If the lobster smack industry does fall under the Jones Act, as Welte contends, Vereb does not believe the definition of fisheries in the act includes transporting lobsters. “The word `or’ does not appear before the word `transport,'” Vereb said, implying that fish therefore had to be caught and transported by the same operation. However, Vereb also stressed that his office is still reviewing the arguments for reconsideration, and is not ready to make any conclusions regarding the case. “We don’t know yet – if we reconsider the case and we disagree with his case, we will send a letter informing him of the ruling. If we are under the impression his argument has merit, we will solicit public comment and proceed with the reconsideration.”

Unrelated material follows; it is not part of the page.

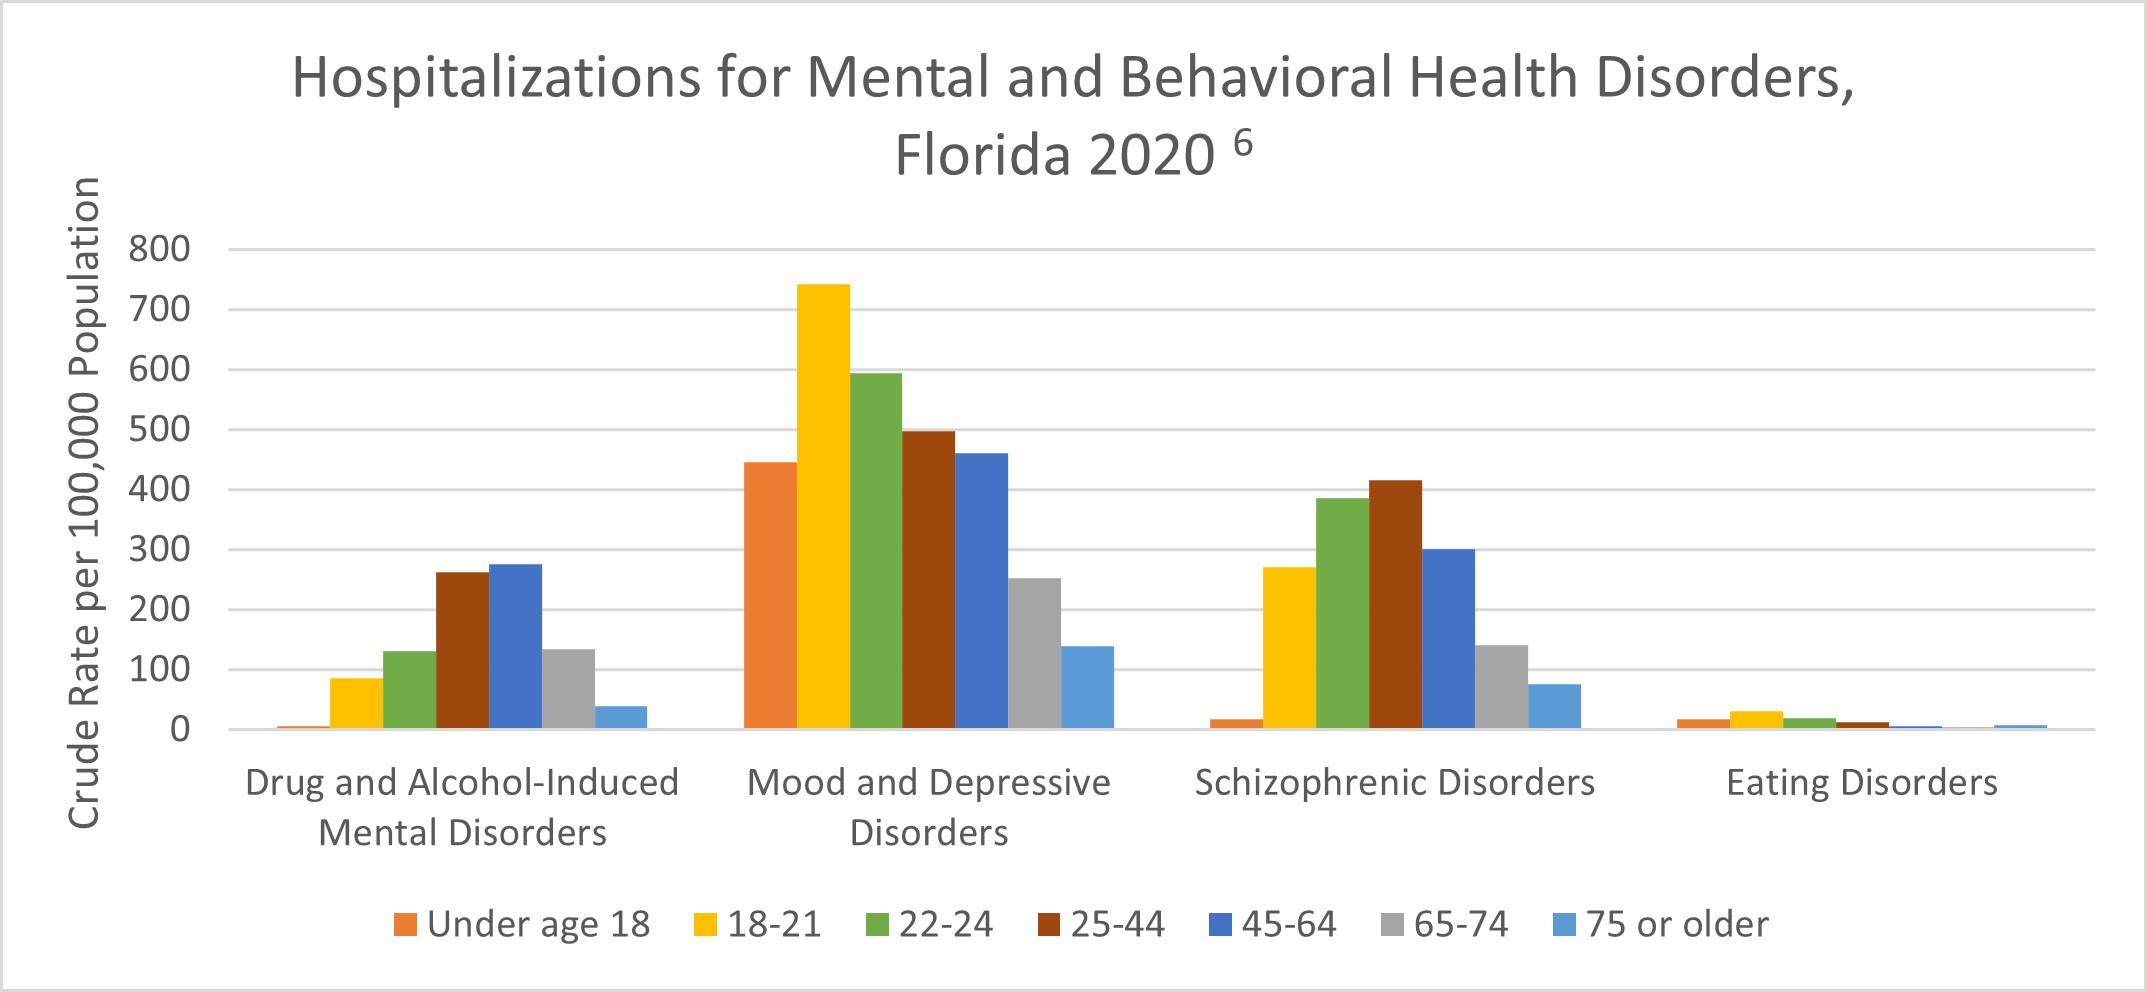 Hospitalizations for Mental and Behavioral Health Disorders, Florida 2020

For now, Drisko continues to run his lobster smack with his two Canadian vessels while awaiting the final ruling from CBP. Others in the fishing industry are casting an uneasy eye on the proceedings, waiting to see what precedent the government will set. This case will ultimately determine the legal regulations for lobster smacks. Are they part of the fisheries industry, or are they simply coastwise trade? Do they fall under the Jones Act, or are they governed by a fishing statue? Drisko may be the center of this debate, but the ruling will affect the regulations of all lobster smack owners. For now, all they can do is hope for the best. Ultimately, the entire case may come down to a single issue – how the government will interpret the word `or.’